At operation 1520, the system compares predicted output (or features) at stage n−1 to an actual media item (or features), such as the output at stage n−1 or the original input. For example, given observed data x, the diffusion model may be trained to minimize the variational upper bound of the negative log-likelihood-log pe (x) of the training data.
At operation 1525, the system updates parameters of the model based on the comparison. For example, parameters of a U-Net may be updated using gradient descent. Time-dependent parameters of the Gaussian transitions can also be learned.

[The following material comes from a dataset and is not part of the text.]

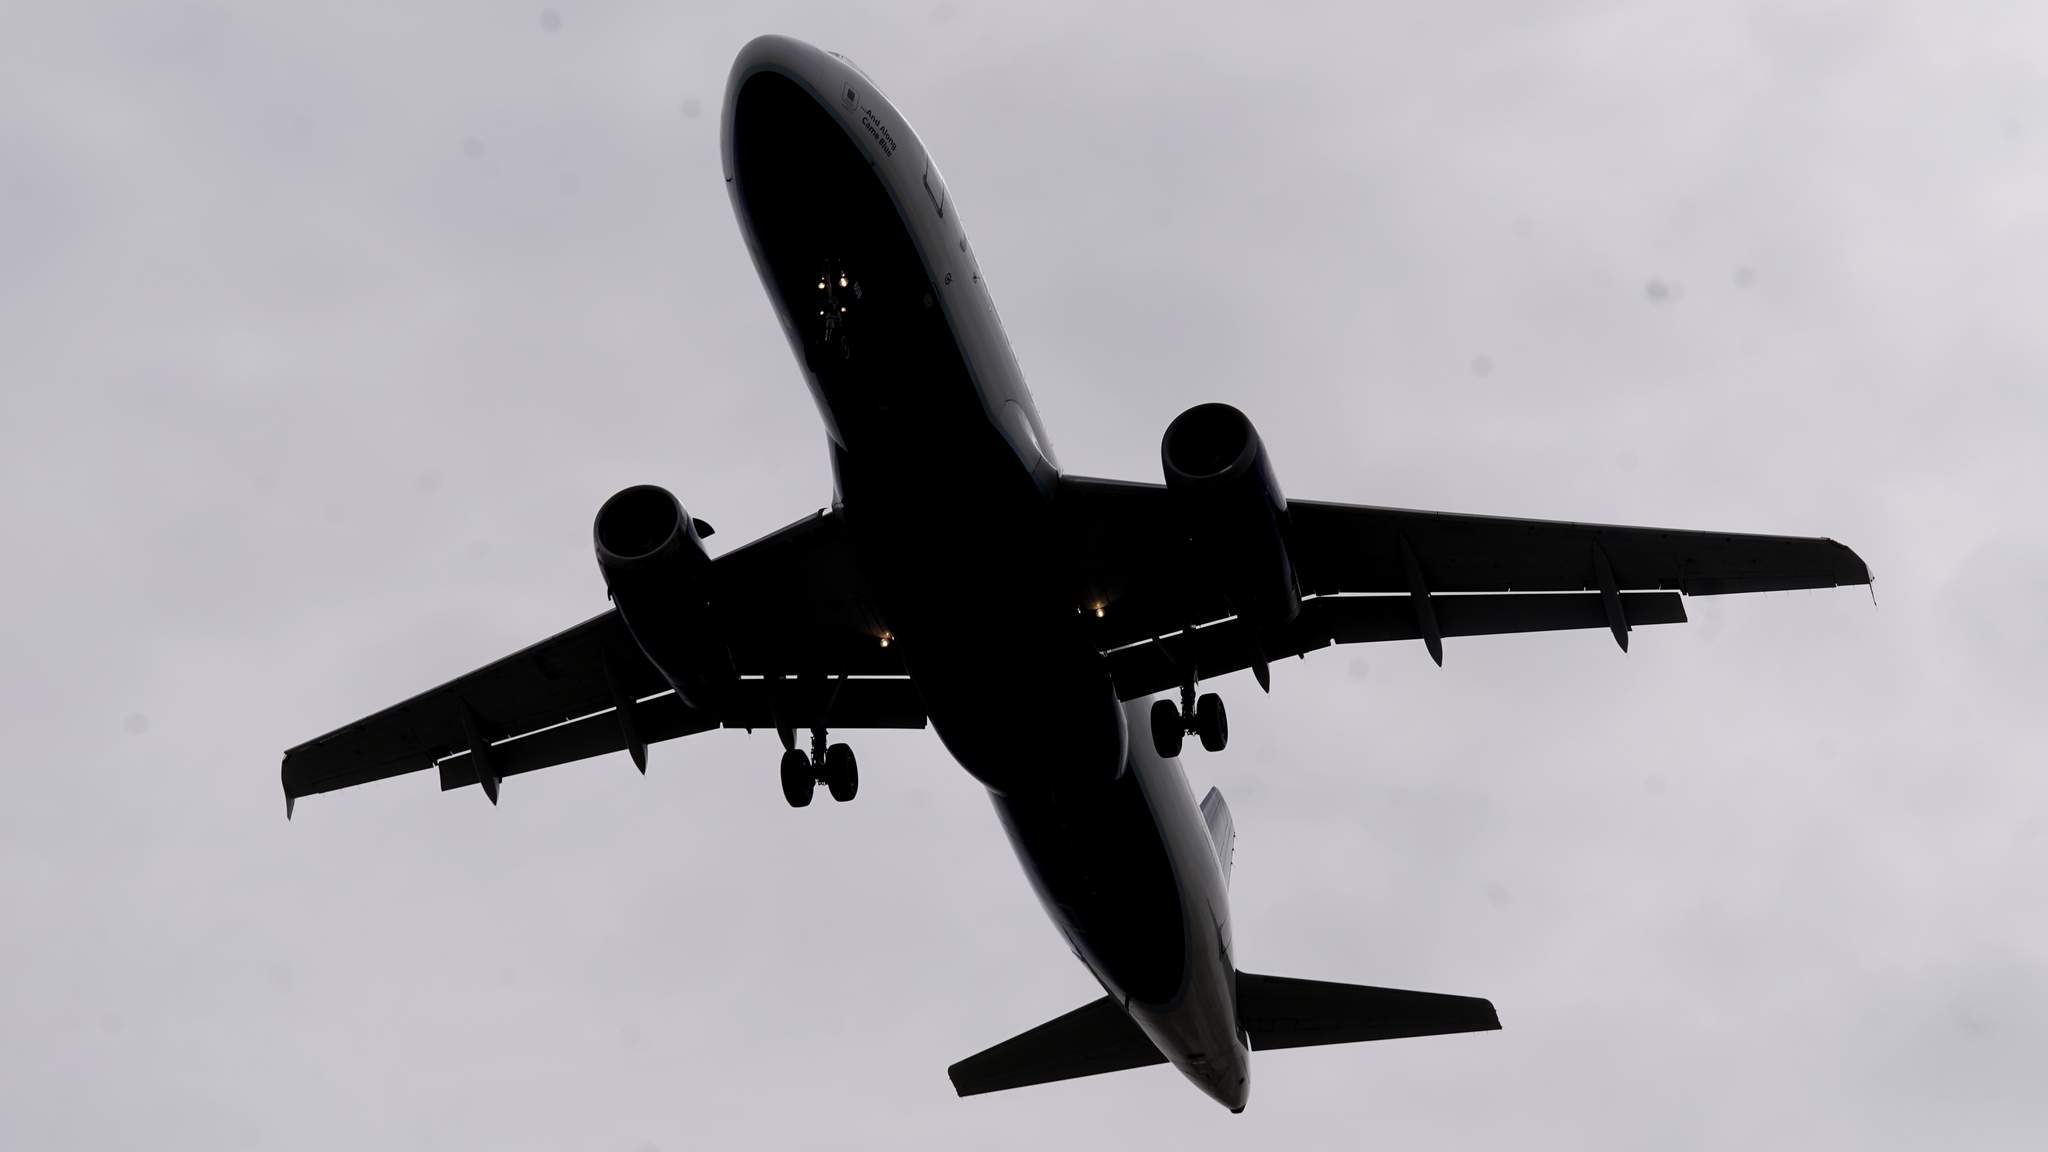 Report: Flight to Florida diverted after passenger bites man’s ear

FIG. 16 shows an example of a computing device 1600 according to aspects of the present disclosure. The computing device 1600 may be an example of the conditioned image generation system apparatus 1700 described with reference to FIG. 17. In one aspect, computing device 1600 includes processor(s) 1605, memory subsystem 1610, communication interface 1615, I/O interface 1620, user interface component(s) 1625, and channel 1630.

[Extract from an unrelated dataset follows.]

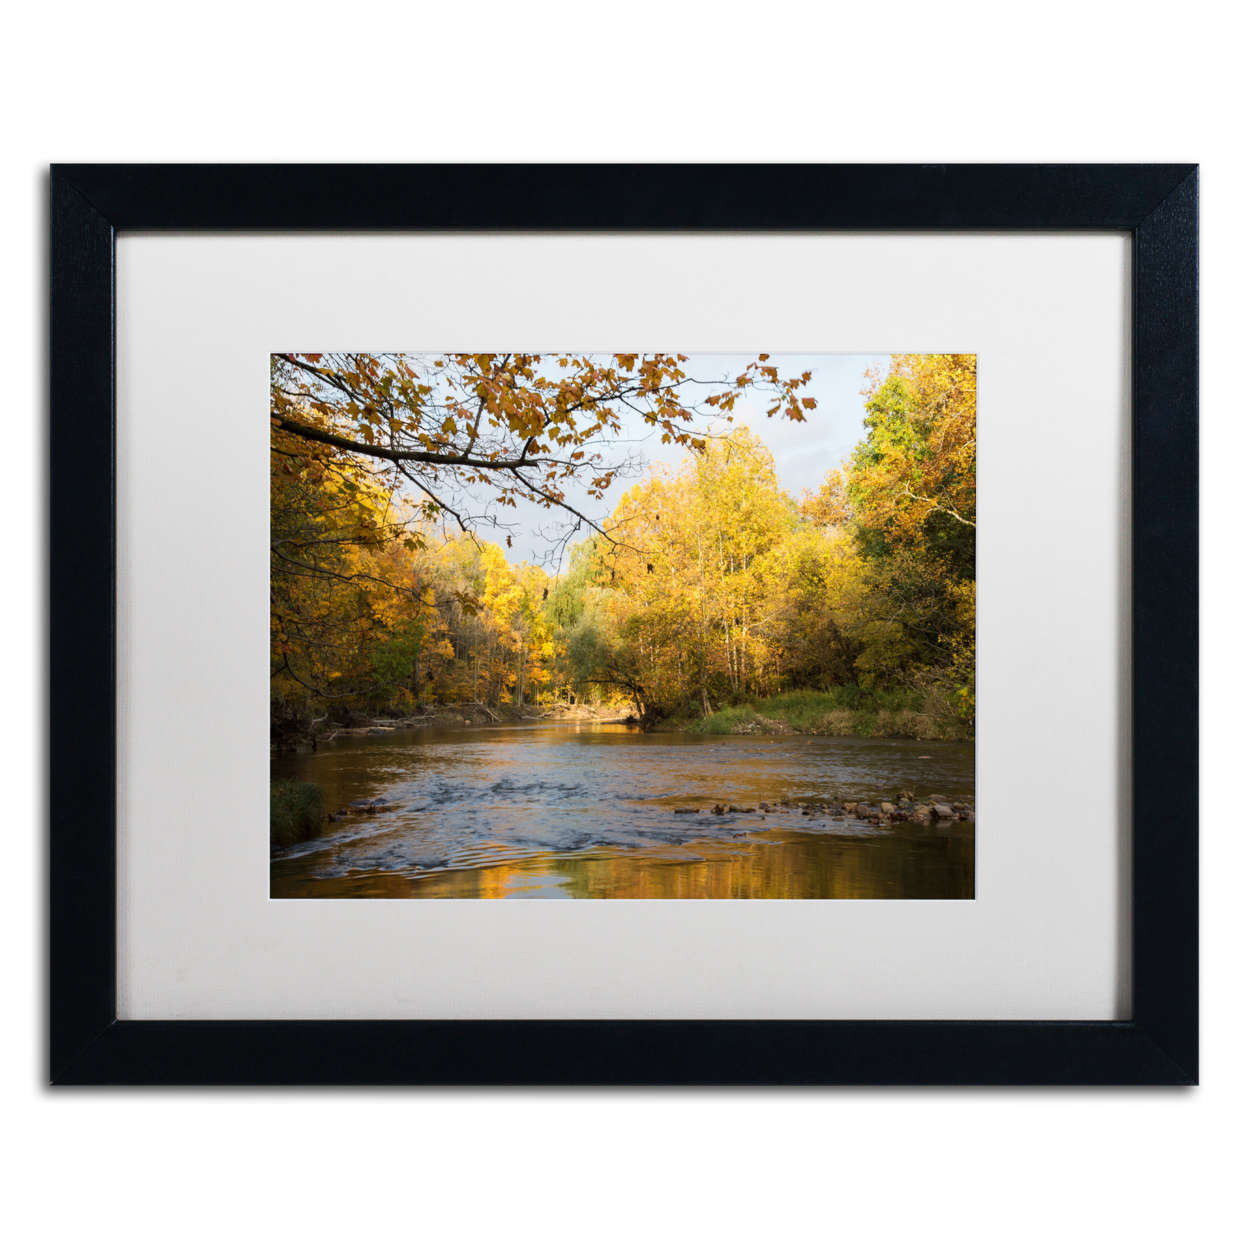 Kurt Shaffer 'Golden Autumn River' Black Wooden Framed Art 18 X 22 Inches

In some embodiments, computing device 1600 is an example of, or includes aspects of, the media generation model of FIG. 10. In some embodiments, computing device 1600 includes one or more processors 1605 that can execute instructions stored in memory subsystem 1610 to perform media generation.
According to some aspects, computing device 1600 includes one or more processors 1605. In some cases, a processor is an intelligent hardware device, (e.g., a general-purpose processing component, a digital signal processor (DSP), a central processing unit (CPU), a graphics processing unit (GPU), a microcontroller, an application specific integrated circuit (ASIC), a field programmable gate array (FPGA), a programmable logic device, a discrete gate or transistor logic component, a discrete hardware component, or a combination thereof. In some cases, a processor is configured to operate a memory array using a memory controller. In other cases, a memory controller is integrated into a processor. In some cases, a processor is configured to execute computer-readable instructions stored in a memory to perform various functions. In some embodiments, a processor includes special purpose components for modem processing, baseband processing, digital signal processing, or transmission processing.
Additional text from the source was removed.